Let us look at an example with PostgreSQL 13:
SELECT pg_start_backup('demo');
-- pg_start_backup
-- -----------------
-- 0/1D000028
$ kill -ABRT $(head -1 data/postmaster.pid)
$ cat data/backup_label
START WAL LOCATION: 0/1D000028 (file 00000001000000000000001D)
CHECKPOINT LOCATION: 0/1D000060
BACKUP METHOD: pg_start_backup
BACKUP FROM: master
START TIME: 2021-01-18 16:49:57 CET
LABEL: demo
START TIMELINE: 1
The ABRT
signal interrupts the postmaster
process of the cluster in the
violent way and an internal routine, called CancelBackup
, won’t be triggered
correctly in order to rename our backup label to backup_label.old
. On a normal
production workload, all transactions logs are recycled or even archived as
activity involves more new transactions. On restart of our interrupted instance,
the backup label inside data directory will be read by mistake with an errouneous
checkpoint record requested by the recovery process.
LOG: database system was shut down at 2021-01-18 17:08:43 CET
LOG: invalid checkpoint record
FATAL: could not locate required checkpoint record
HINT: If you are restoring from a backup, touch "data/recovery.signal"
and add required recovery options.
If you are not restoring from a backup, try removing the file
"data/backup_label".
Be careful: removing "data/backup_label" will result in a corrupt
cluster if restoring from a backup.
LOG: startup process (PID 19320) exited with exit code 1
LOG: aborting startup due to startup process failure
LOG: database system is shut down
The complete message only appeared with PostgreSQL 12 as an explicite warning in documentation of the backup label, following long discussions on throwing away this particular mode or not. In one of theses threads, we can read a remarquable advocacy written by Robert Haas who looks back on the success of this feature since its creation and points out the frequent confusion encountered by users who do not understand either complexity or clear instructions from the documentation.
From these days of darkness, a dedicated note has been added.
This type of backup can only be taken on a primary and does not allow concurrent backups. Moreover, because it creates a backup label file, as described below, it can block automatic restart of the master server after a crash. On the other hand, the erroneous removal of this file from a backup or standby is a common mistake, which can result in serious data corruption.
Next generation
This well-known drawback has been addressed by the development team in september 2016 when releasing PostgreSQL 9.6 with “non-exclusive” backups. Since then, exclusive backup mode is tagged as deprecated by developers and could be removed in future versions.

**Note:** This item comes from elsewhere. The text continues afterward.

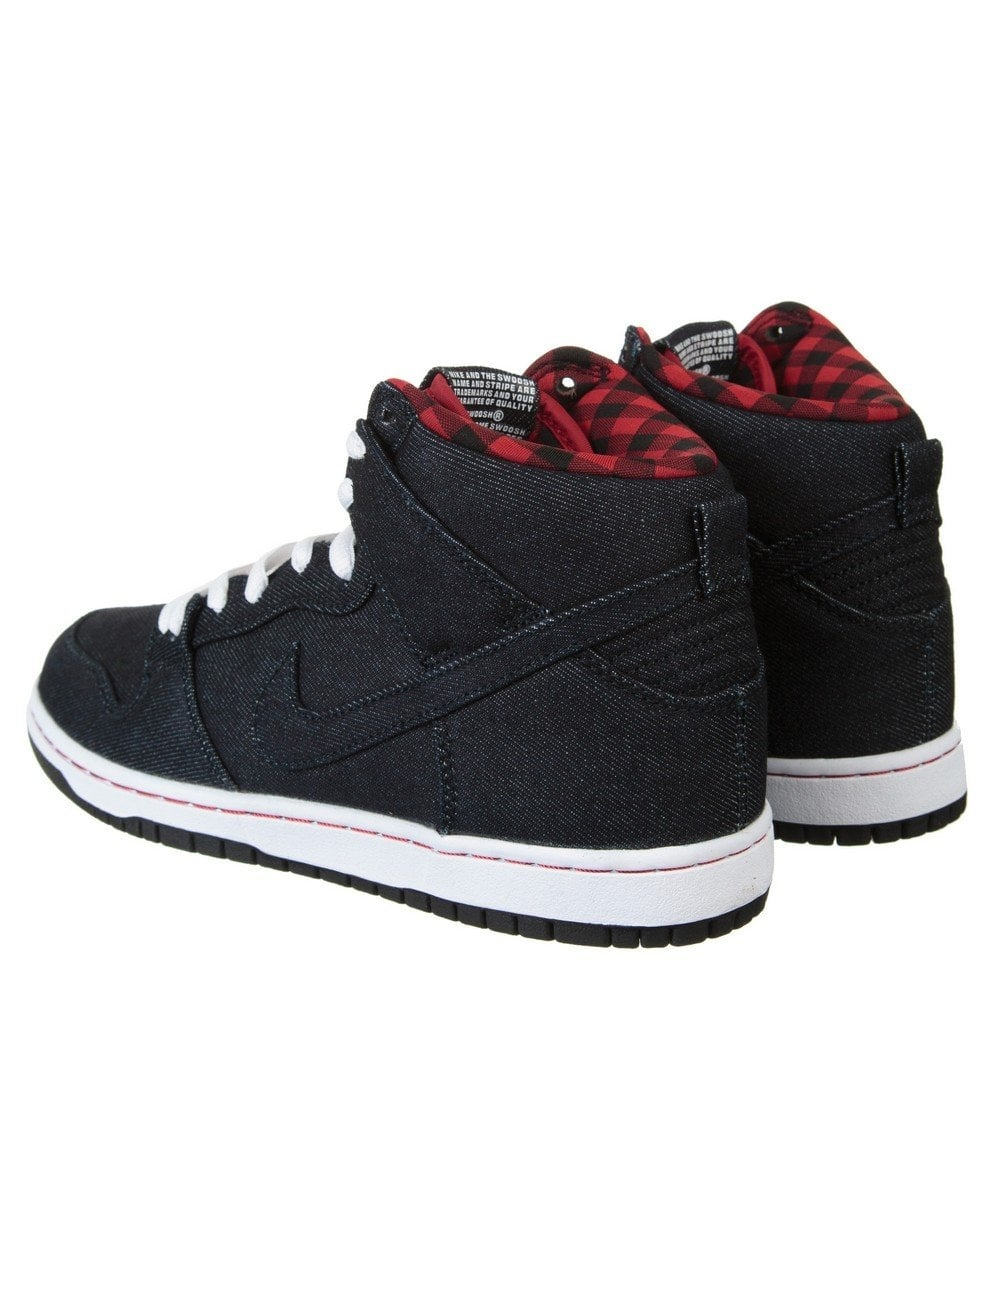 watch 90a49 8c907 Dunk High Premium Boots - Dark Obsidian Sale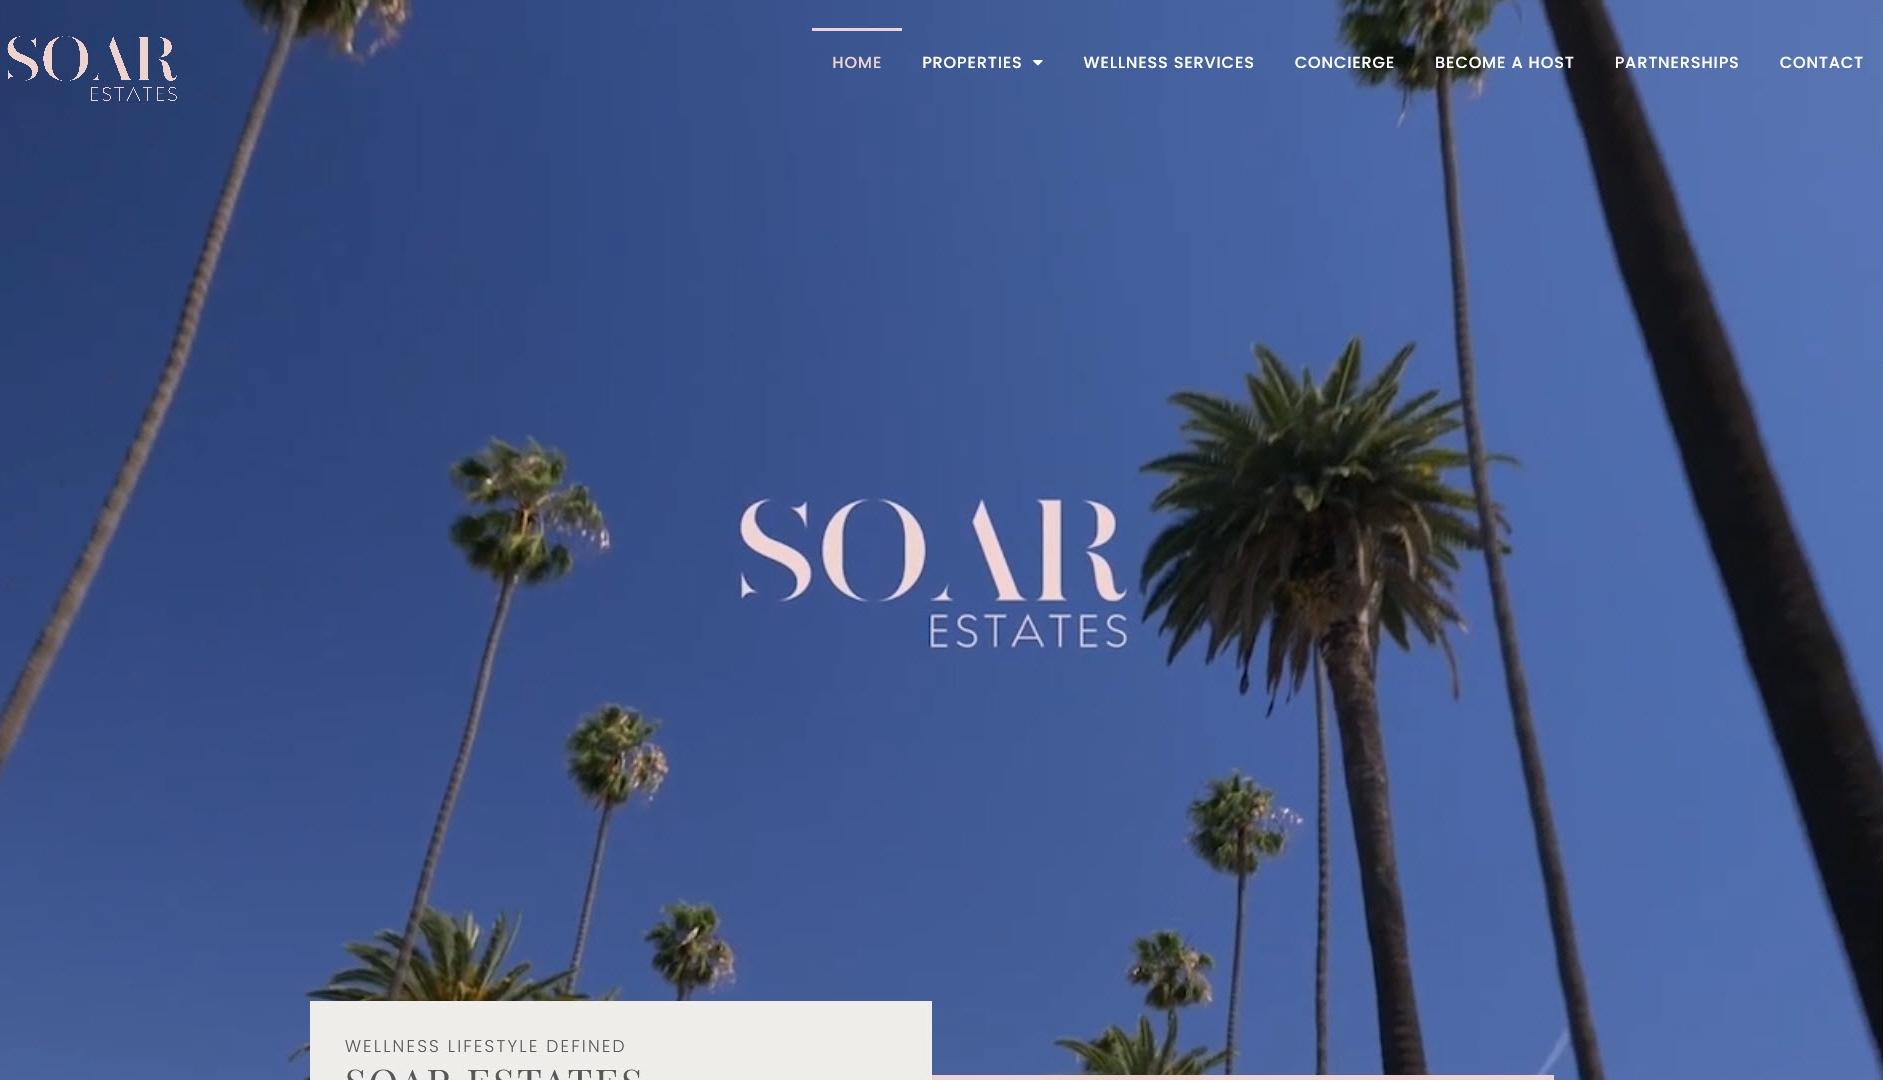 Soar Estates

Backup label file has not been removed. Its content is still relevant in case of
point-in-time recovery, but it loses that transitory state on disk and won’t be
written in data directory on pg_start_backup()
call. Instead, administrator or
backup script must keep session opened until pg_stop_backup()
call in order to
collect backup’s metadata and rebuild backup label file needed by restoration
process.
SELECT pg_start_backup(label => 'demo', exclusive => false, fast => true);
-- pg_start_backup
-- -----------------
-- 0/42000028
SELECT labelfile FROM pg_stop_backup(exclusive => false);
-- labelfile
-- ----------------------------------------------------------------
-- START WAL LOCATION: 0/42000028 (file 000000010000000000000042)+
-- CHECKPOINT LOCATION: 0/42000060 +
-- BACKUP METHOD: streamed +
-- BACKUP FROM: master +
-- START TIME: 2021-01-18 18:17:16 CET +
-- LABEL: demo +
-- START TIMELINE: 1 +
There is another easy way to retrieve this content, especially if archiving is
configured. At the end of backup, metadata are written in a history file .backup
inside pg_wal
and a .ready
file is added in archive_status
directory,
waiting for archiving. A quick search into our WAL repository can lead us to a
ready-to-use file.
$ find archives -type f -not -size 16M
archives/000000010000000000000016.00000028.backup
$ grep -iv ^stop archives/000000010000000000000016.00000028.backup
START WAL LOCATION: 0/42000028 (file 000000010000000000000042)
CHECKPOINT LOCATION: 0/42000060
BACKUP METHOD: streamed
BACKUP FROM: master
START TIME: 2021-01-18 18:17:16 CET
LABEL: demo
START TIMELINE: 1
With a fresh new architecture for non-exclusive concurrent backup system, various
backup tools have emerged, more powerful and modular than pg_basebackup
. Among
well-known third-party tools, you might hear of pgBackRest written in C,
Barman written in Python, or even pitrery written in Bash. Moreover, these
tools do a pretty well-done job, avoiding a painful effort for every administrator
in maintaining their complex scripts.
Moral of the story
Over releases, backup label file has endured many storms and twists to result in a more elegant way to perform physical backup and restoration with PostgreSQL.
If you are administrating database cluster, especially in virtualized engine,
I warmly recommend you to check your backup policies and associated tools. It is
not so uncommon for hypervisors to take a system snapshot in exclusive mode
with pg_start_backup()
as a pre-hook.
Above specialized third-party softwares could/must be tested. If they do not fit
your needs, you may study others tricks to make our backups in a concurrent way,
as this example with a temporary file made by mkfifo
command.
Old-fashion exclusive backup is deprecated but not removed (yet). It is a real concern that remains in a standstill, since last Commitfest in July 2020. In a thread, contributor David Steele (who made pgBackRest, by the way) suggested that backup label content could be stored in memory to fix its main wickness:
It might be easier/better to just keep the one exclusive slot in shared memory and store the backup label in it. We only allow one exclusive backup now so it wouldn’t be a loss in functionality.
To be continued!